Fairness, like beauty, is often in the eye of the beholder. Denying enforcement of a freely bargained-for arbitration clause may be considered equally unfair to Defendant. As the parties noted, litigating the breach of contract issue in bankruptcy could lead to an award of punitive damages, providing Debtor with a right not allowed under the arbitration agreement and negotiated away when the contract was executed. The result is that failure to enforce arbitration changes the terms of the contract. The Eighth Circuit has rejected fairness arguments when passing upon the enforceability of arbitration clauses. See, e.g., Matter of Hart Ski Mfg. Co., Inc., 22 B.R. 763, 765 (D.Minn. 1982), aff'd, 711 F.2d 845 (8th Cir. 1983) (enforcing arbitration clause; rejecting argument that doing so could result in financial disadvantage or inconvenience to the debtor). Finally, while a bifurcation of proceedings may or may not be less efficient, this argument cannot overcome the strong policy favoring arbitration. See Dean Witter Reynolds, Inc. v. Byrd, 470 U.S. 213, 217 (1985).
SUMMARY AND CONCLUSION
The Supreme Court has made clear that federal policy under the Federal Arbitration Act mandates enforcement of valid private arbitration agreements. Only when allowing arbitration would undermine an inherent policy of the Bankruptcy Code should arbitration agreements be set aside. Bankruptcy courts have widely endorsed this principle.
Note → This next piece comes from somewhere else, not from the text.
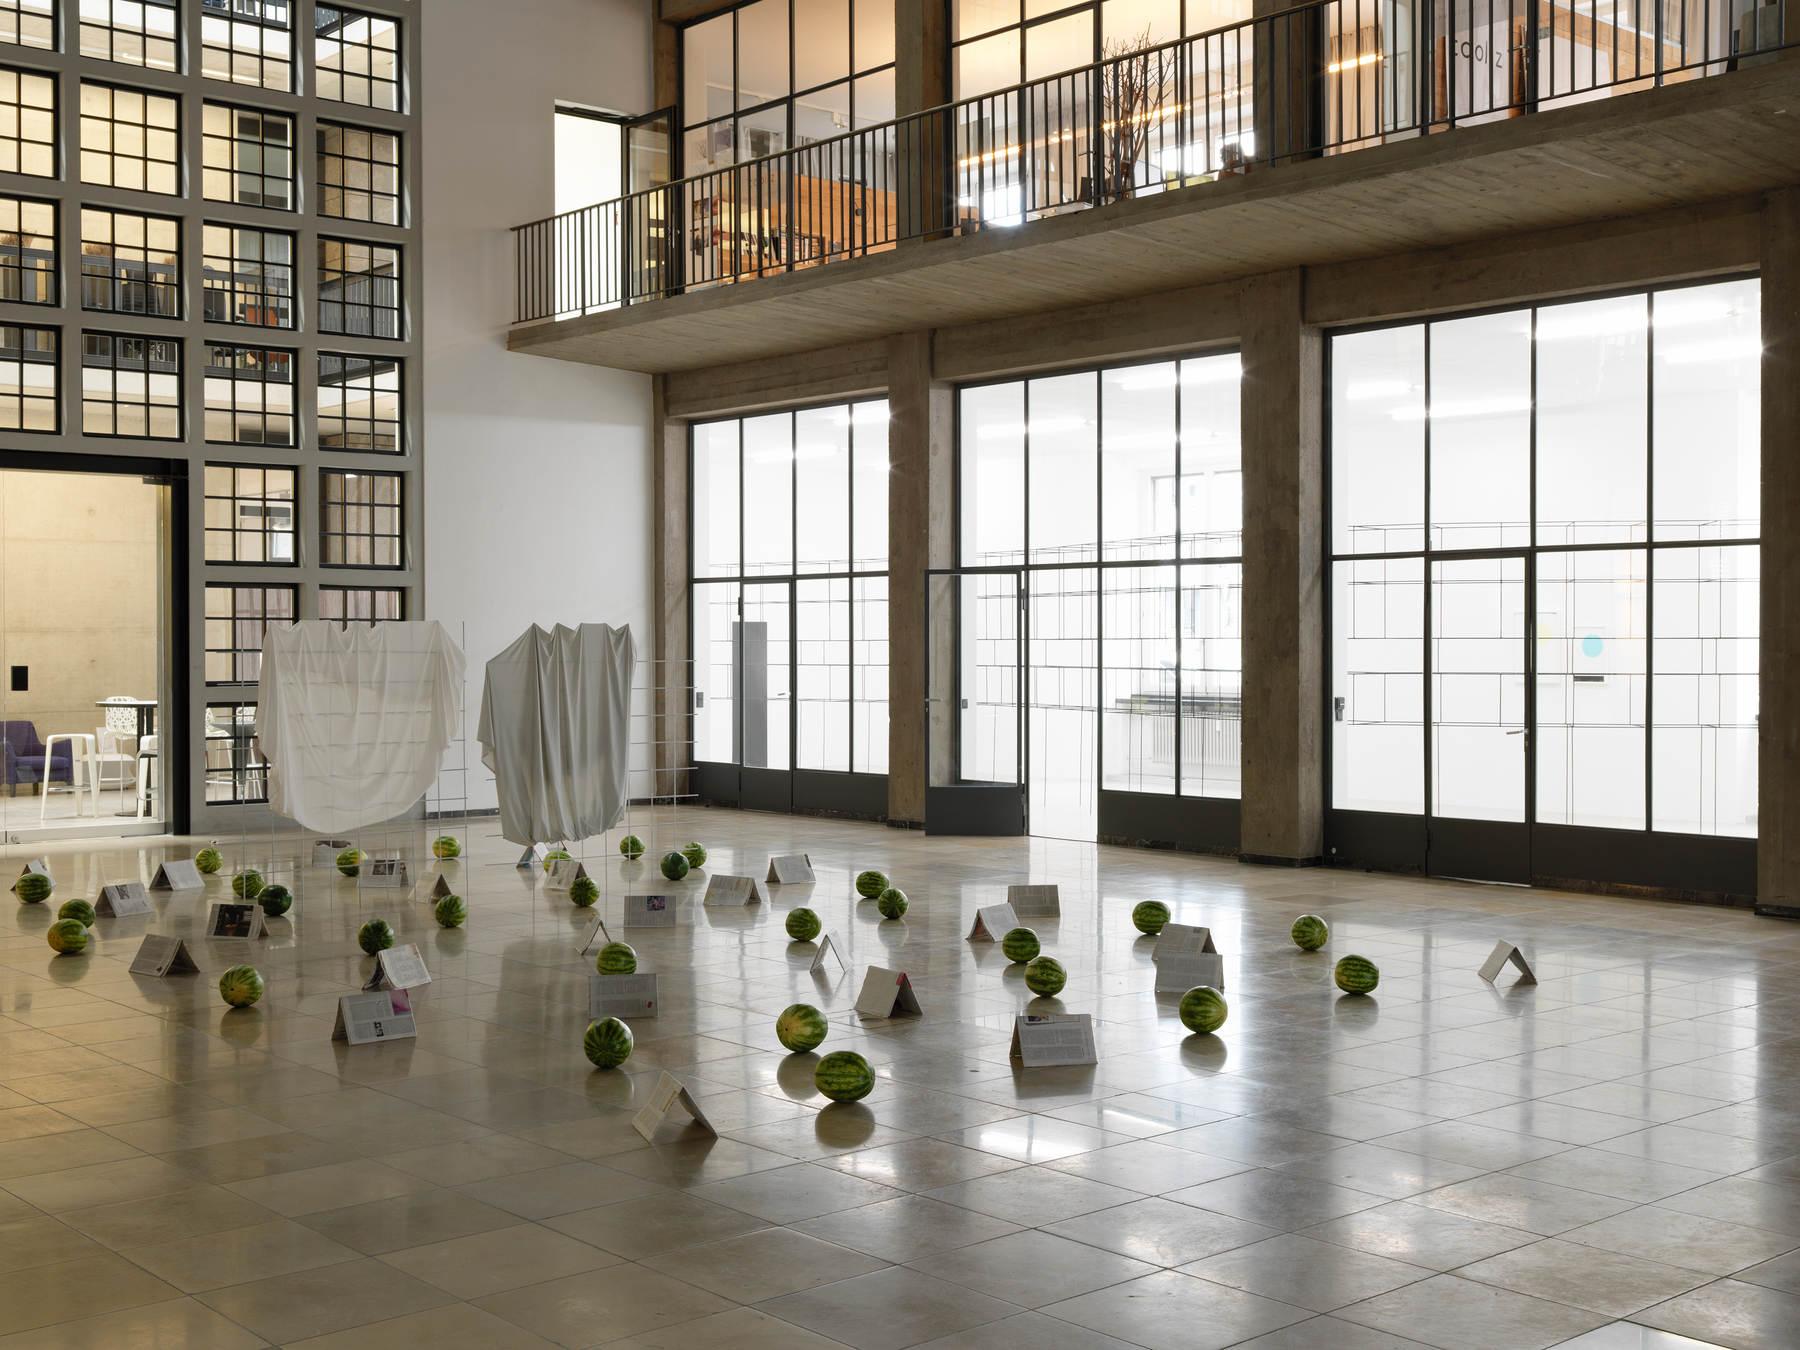 02_Edit Oderbolz_Kunstverein Nürnberg_2017

When exercising discretion in enforcing arbitration agreements, the trend is to compel arbitration in non-core matters. The distinction between core and non-core matters in the arbitration context is different than in the context of 28 U.S.C. § 157(b). In the arbitration context, non-core matters are those that do not involve issues of law unique to bankruptcy or substantive rights created exclusively by the Bankruptcy Code.
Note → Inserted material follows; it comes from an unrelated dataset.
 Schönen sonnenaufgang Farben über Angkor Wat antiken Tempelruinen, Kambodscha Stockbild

The present adversary proceeding does not implicate any substantive bankruptcy rights; it is a breach of contract action. Such matters can be handled competently by arbitrators. Enforcing pre-petition arbitration agreements with respect to non-core matters gives effect to the policies of the Arbitration Act without significantly undermining those of the Bankruptcy Code.
WHEREFORE, Defendant's Motion to Stay Proceedings and Compel Arbitration is GRANTED.
FURTHER, the parties shall submit a joint status report concerning the arbitration proceedings not later than May 31, 2000.
SO ORDERED this 14th day of February, 2000.